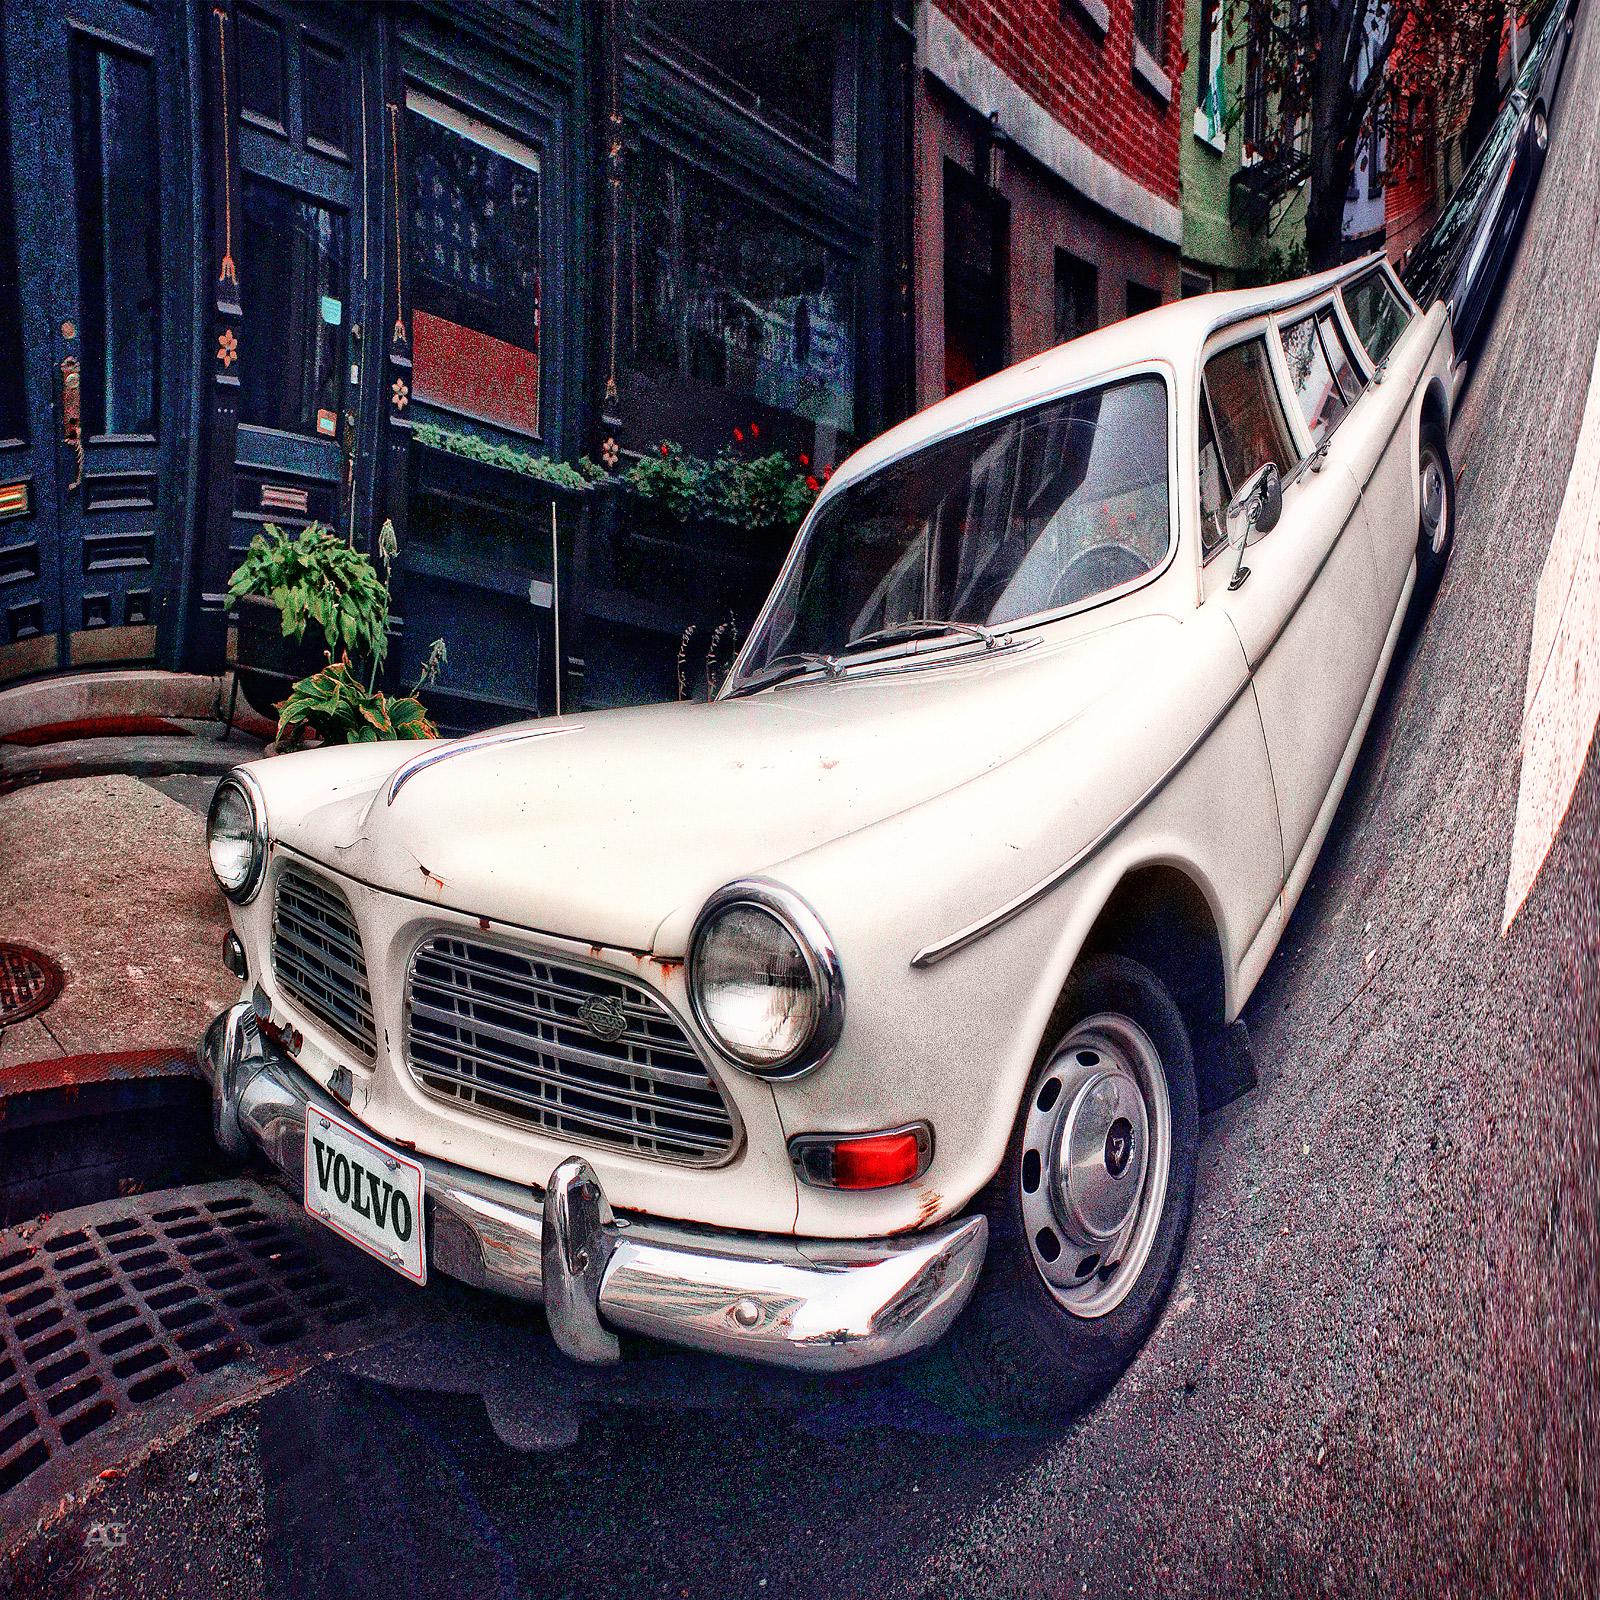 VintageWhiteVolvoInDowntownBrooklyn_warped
* * *
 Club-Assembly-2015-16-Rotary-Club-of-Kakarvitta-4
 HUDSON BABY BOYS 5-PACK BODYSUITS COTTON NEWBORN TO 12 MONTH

## Task goal
Your reply is to repeat, unchanged, the lines above running from the one with "Club-Assembly-2015-16-Rotary-Club-of-Kakarvitta-4" up to and including the one with "HUDSON BABY BOYS".

## Solution to the exercise
 Club-Assembly-2015-16-Rotary-Club-of-Kakarvitta-4
 HUDSON BABY BOYS 5-PACK BODYSUITS COTTON NEWBORN TO 12 MONTH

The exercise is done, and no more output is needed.